KR100551395B1 - Method of fabricating pouch type lithium secondary battery - Google Patents

Abstract

Disclosed is a method for manufacturing a lithium secondary battery.

The present invention provides a method of forming a pouch-type bare cell battery in which grooves are formed, and bending edge regions of both sides of the electrode tab and subsequent side edges of the bare cell battery in a direction opposite to the direction in which the grooves are formed. Attaching a protective circuit structure to the core pack battery, and mounting the core pack battery in a hard case to form a hard pack battery.

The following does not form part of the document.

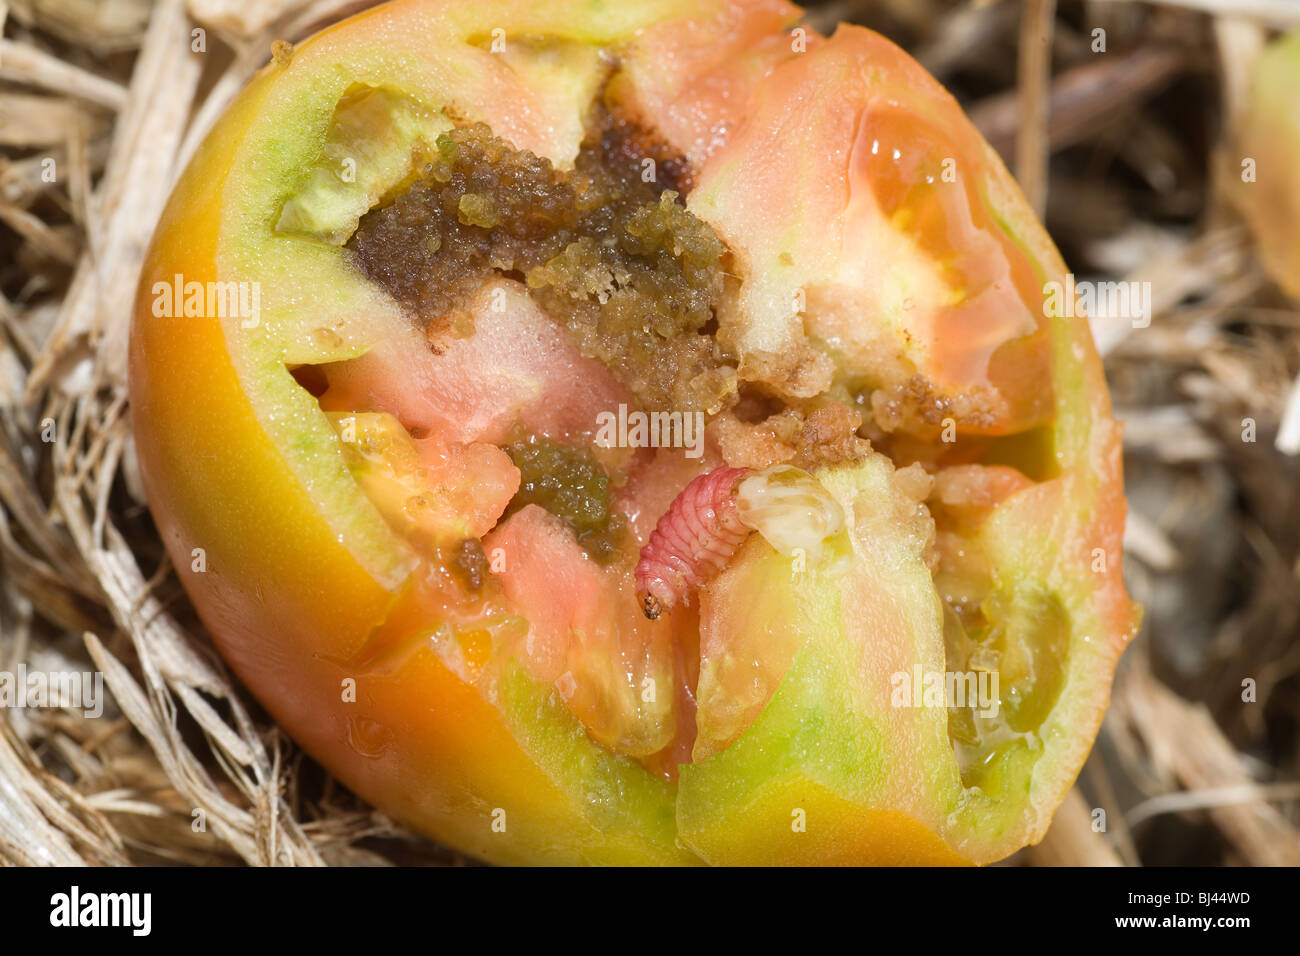 Tomatoe / tomato Helios species fruitworm destroying the inside of a perfectly good tomato / tomatoe Stock Photo

Therefore, in the pouch type lithium secondary battery, the end of the pouch exposed metal foil is shorted with the negative electrode tab through the protective circuit structure forming the core pack, the conductor in the center of the accessory circuit mounted inside the hard case, and the metal foil of the pouch is corroded. The phenomenon can be prevented.

Description

Manufacturing method of pouch type lithium secondary battery {Method of fabricating pouch type lithium secondary battery}

1 is a perspective view showing a state before a pouch is sealed in an example of a conventional pouch type lithium secondary battery;

FIG. 2 is a perspective view showing a folded state of two opposite sides where electrode tabs are not drawn out in a conventional bare cell state; FIG.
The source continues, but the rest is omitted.